Dr. Samantha Cutrara:        Hi, Mary.

Dr. Mary Chaktsiris:        Hello!

SC:        How are you? How is social isolation going on your end?

MC:        It’s feeling pretty socially connected virtually because I’m running three online courses. So my day is filled with Zoom meetings and it’s all good. Virtual marketing, all that kind of stuff.

SC:        Even though like this isn’t the main thing we’re going to talk about, how have your students been doing with the quick move to online?

MC:        I think there’s been a range of responses. Like overall, students are really patient, responsive, adaptive. They’re all dealing with different circumstances depending on whether they’re international students, where they live, what their family responsibilities are, what the work responsibilities are. So I’ve taken it upon myself to think about my role as providing students with lots of choice with how to engage in my courses, but not necessarily a lot of requirements to do so. Students are invited to engage as much as they’d like or as little as they’d like as they kind of cope with the changing circumstances around us.

SC:      Yeah, it’s interesting because I think that this blend of both stability, like they’re still going to be a class, but flexibility is important as we kind of navigate this.

So to start the formal part of our conversation, in my video I posted last week, I questioned how we would move forward in teaching history from here. Even just thinking about history for me has really changed. So, from your perspective of being a history professor, has the idea of teaching history, or even the notion of history itself, changed at all during this weird time?

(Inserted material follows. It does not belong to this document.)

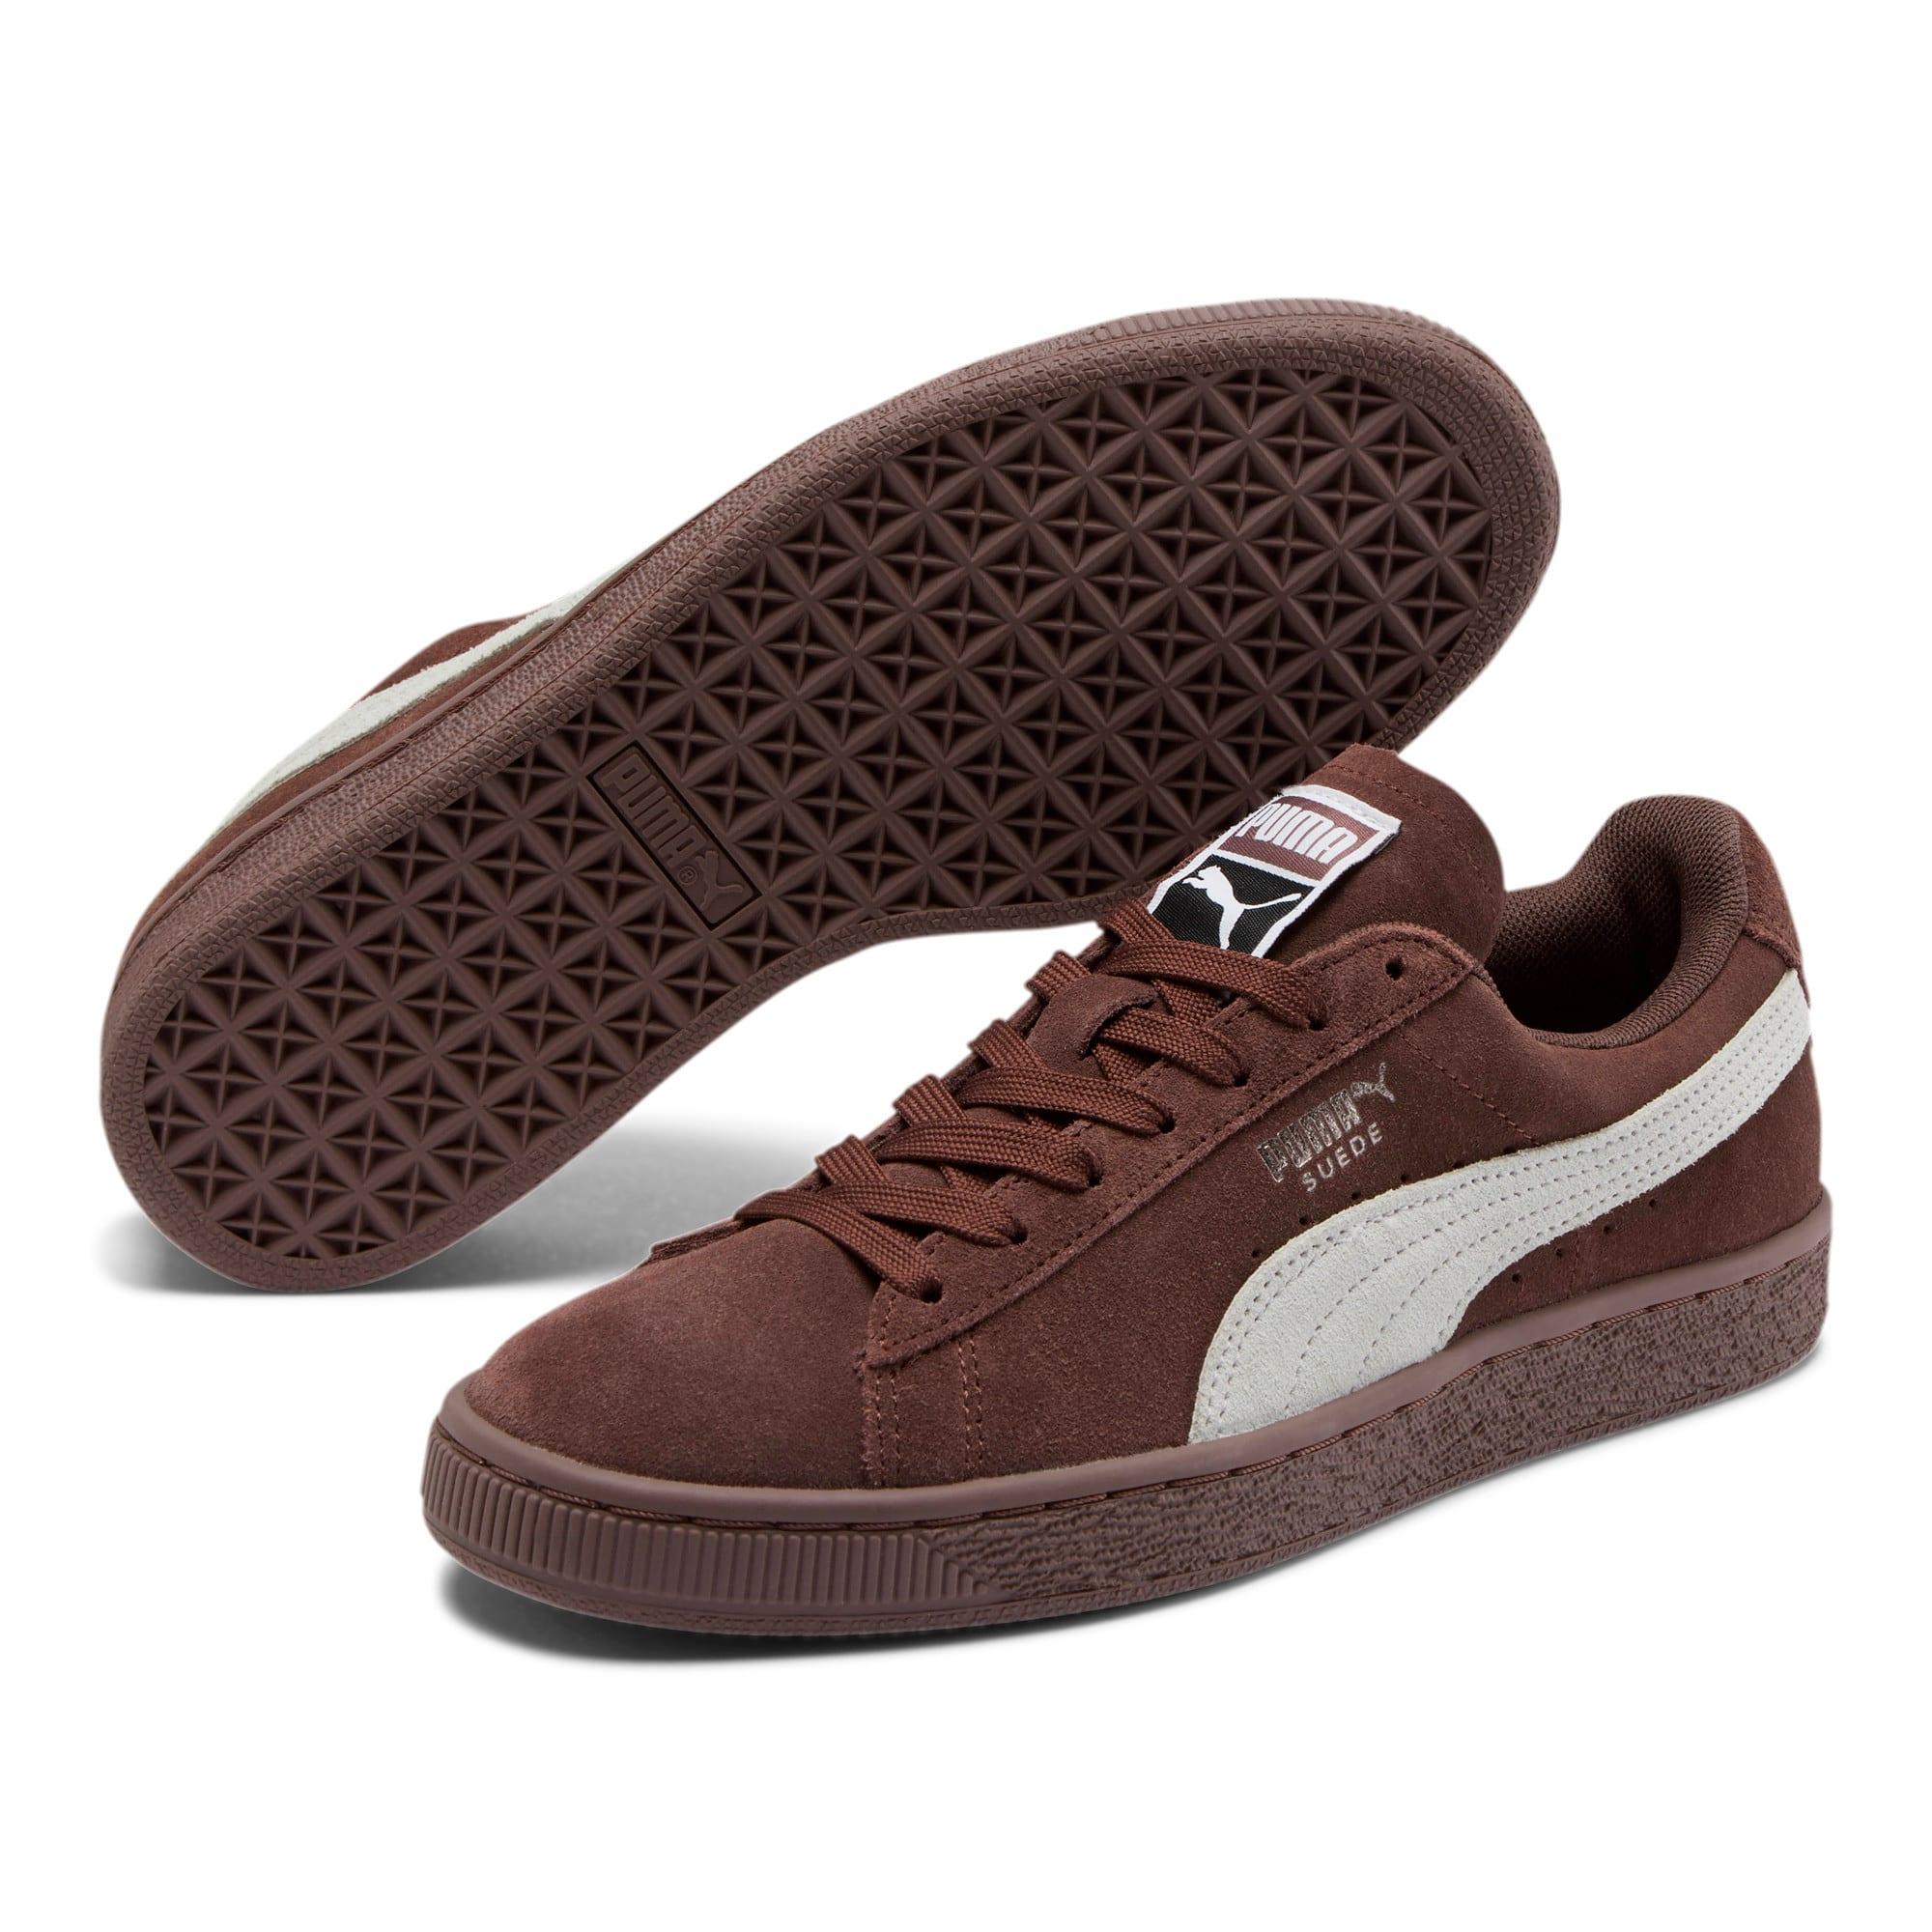 Thumbnail 2 of Suede Classic Women's Sneakers, Peppercorn-Puma White, medium

MC:        You know, there’s that saying when you’re in the weeds, you can’t really see past them. And I think that’s what the experience feels like right now, in the rush of getting everything online, in the rush of coping with all the changes around us. I’m not sure how much more reflection I’ve actually like had to do, if that makes any sense.

SC:        Yeah, of course. Yeah.

MC:       But I think part of the feeling right now, even in teaching history more generally, is that sometimes we feel so crushed for time because of the approaches that we use.

It’s like the tyranny of content: being so tied to the amount of content that you feel like you have to share with students. So part of this is the ways in which you might share that responsibility with students: To what extent have you positioned yourself as the only person whose view matters and to what extent have you been sharing that platform with students?

And I think that when you’ve been sharing that platform with students, and what I mean by that is inviting them to reach their own conclusions and present their own ideas of what’s meaningful to talk about within your course, then transitioning or flexibility is easier, right?

But when you’re tied to this idea of ‘I need to be lecturing to you two or three times a week. And if I don’t, then you’re not going to learn what you need to learn,’ then that is harder.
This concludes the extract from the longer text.